Il paraît que notre société est dirigée par des élites, des gens qui sont, selon les dictionnaires, meilleurs que les autres, les plus remarquables d’un groupe, d’une communauté. Il y a une élite intellectuelle, une élite politique et une élite culturelle. C’est le gratin, la crème, la fine fleur, ceux qui sont hors du commun, les distingués, les éminents. En un mot : nos supérieurs en tout. « Dans une société, ceux qui ont des lumières, de l’aisance et de la conscience, ne sont qu’une petite élite » proclamait Hippolyte Taine, penseur libéral du 19e siècle. Le mot clef dans cette affirmation c’est l’aisance. Les élites ne sont pas des gens « au revenu modeste ». Quant à la conscience il faut se demander : la conscience de quoi ?
Si les élites dirigent la société en général et sa culture, il importe de savoir comment et par quoi les élites sont produites et qu’est-ce qui leur permet de nous diriger ? Car on n’est pas meilleur par naissance. Ou est-ce au contraire toujours le cas ?
La théorie des élites légitime et réconforte évidemment ceux qui se considèrent appartenir à l’élite. La question sociale, l’existence des classes sociales est ainsi évacuée. La démocratie (bourgeoise, parlementaire) est toute relative dans ce schéma : elle nous permet de choisir parmi les élites.
S’il est vrai que tout le monde n’est pas capable de faire n’importe quoi ou a envie de faire ceci plutôt que cela, et que la démocratie directe dans certains cas n’est pas toujours applicable. Mais tout cela ne devrait pas nous empêcher de contrôler collectivement ceux qui nous dirigent, quitte à les remplacer si nécessaire. Cela demande du temps libre, une éducation approfondie, donc une certaine aisance, pas celle du fric mais celle de l’autonomie individuelle. Résumons : une autre société, une révolution.

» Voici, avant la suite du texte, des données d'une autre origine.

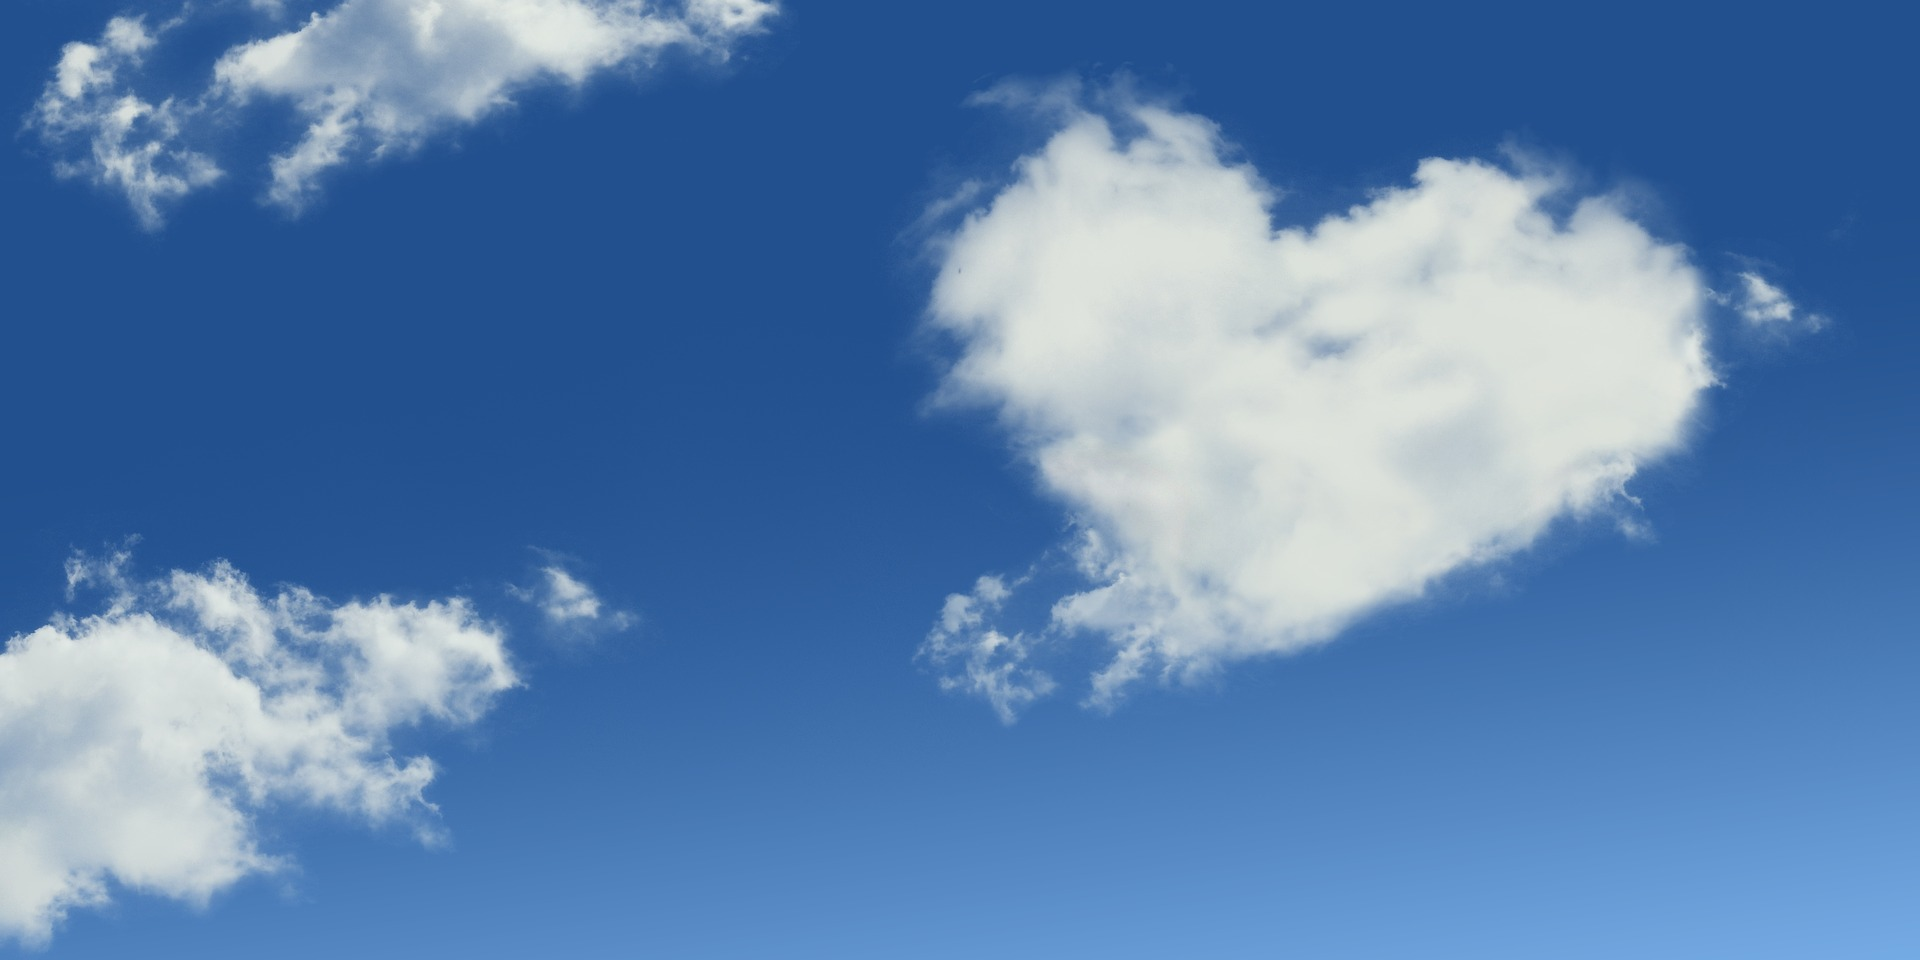 nuage en coeur

La classe politique appartient bel et bien aux élites. Il s’agit de l’ensemble des groupes qui exercent soit le pouvoir, soit une influence politique, comme l’explique T.B. Bottomore (Élites et Société, 1967). Au sein de cette « classe » il distingue un groupe plus restreint, l’élite politique, composé de ceux qui exercent en fait le pouvoir politique : membres du gouvernement, hauts fonctionnaires et chefs militaires directement issus de la bourgeoisie, sans oublier familles de sang noble et les chefs d’entreprises industrielles ou financières puissantes.

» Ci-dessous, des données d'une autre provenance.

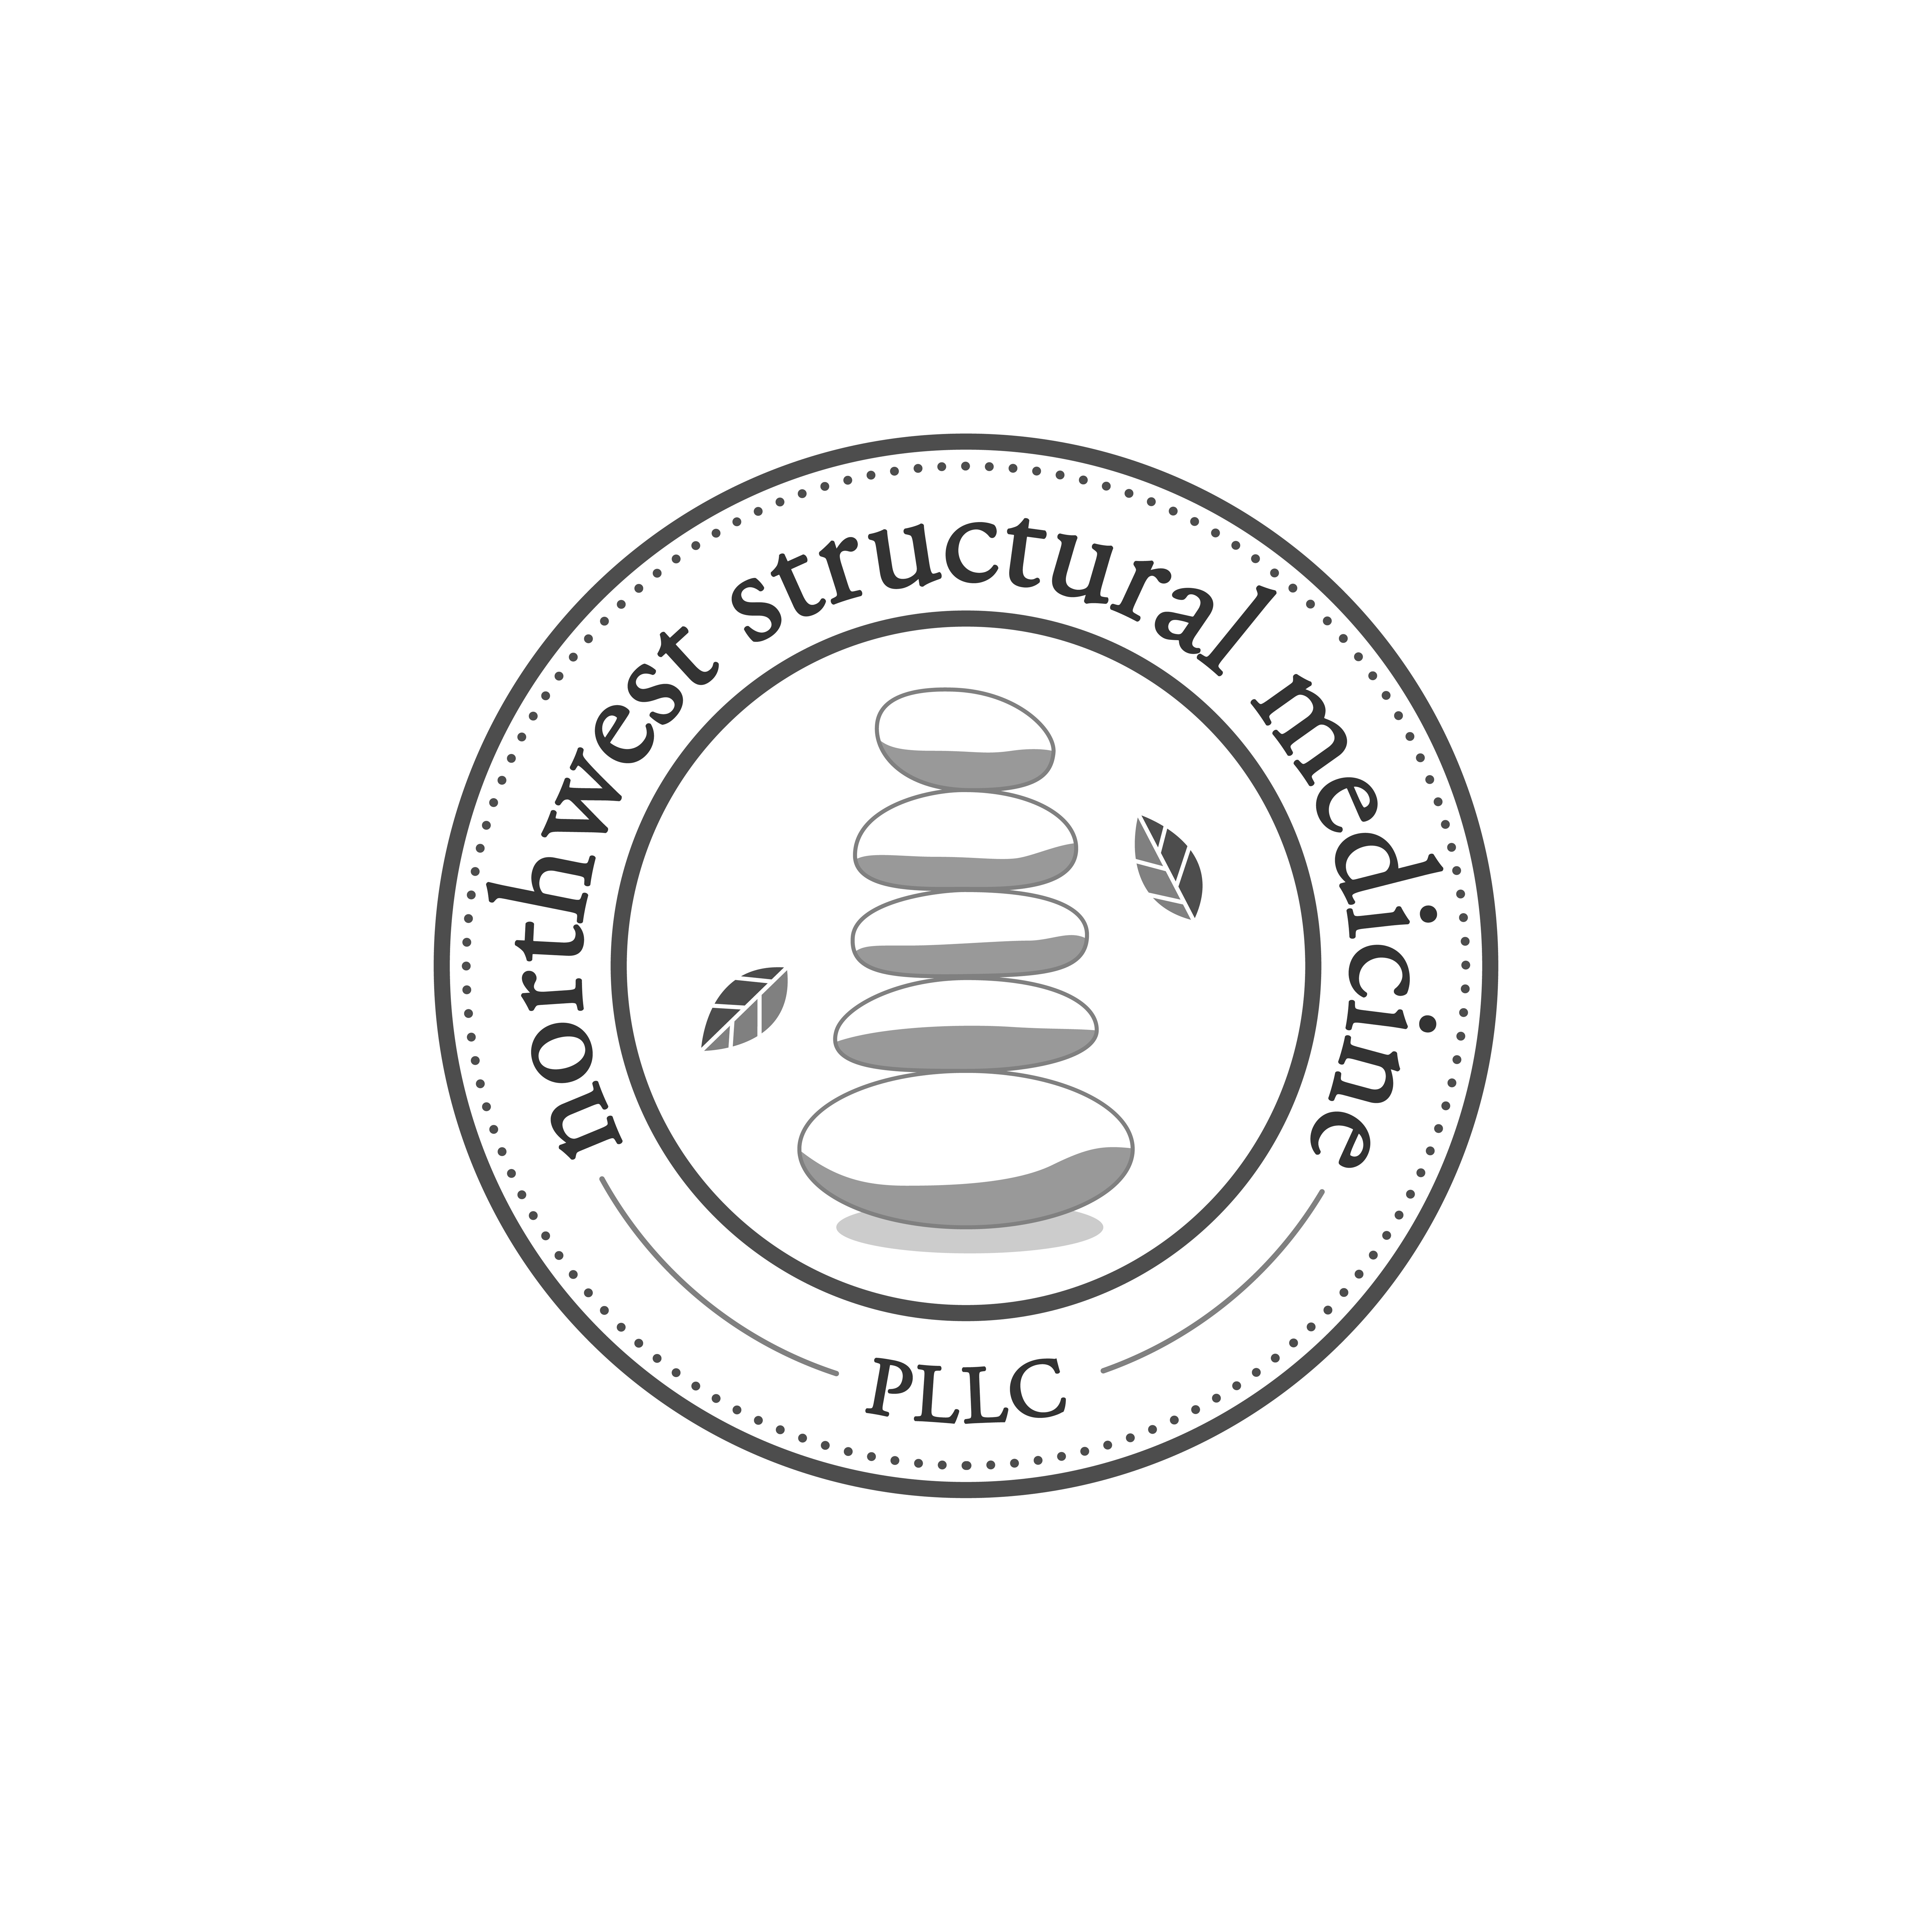 Northwest Structural Medicine, PLLC

La classe politique est moins restreinte que l’élite politique. Elle est composée de tous ceux qui jouent le jeu de la démocratie parlementaire, et ne sont fondamentalement intéressés que dans une chose: être réélu. Cela leurs donne un pactole non négligeable, un certain statut social et un certain pouvoir pour donner des boulots à leur clientèle. Conservateurs, sociaux-libéraux, sociaux–démocrates et même certains à leur gauche, se retrouvent dans cette religion du crétinisme parlementaire mais rémunérateur. Vous n’avez qu’à regarder les débats dans l’hémisphère où ils se chamaillent sur des questions de moindre importance, puis se retrouvent fraternellement pour défendre « leur » république parlementaire ou « leur » royaume constitutionnel. C’est cette classe politique avec ses mensonges et promesses jamais tenues, que les électeurs rejettent de plus en plus.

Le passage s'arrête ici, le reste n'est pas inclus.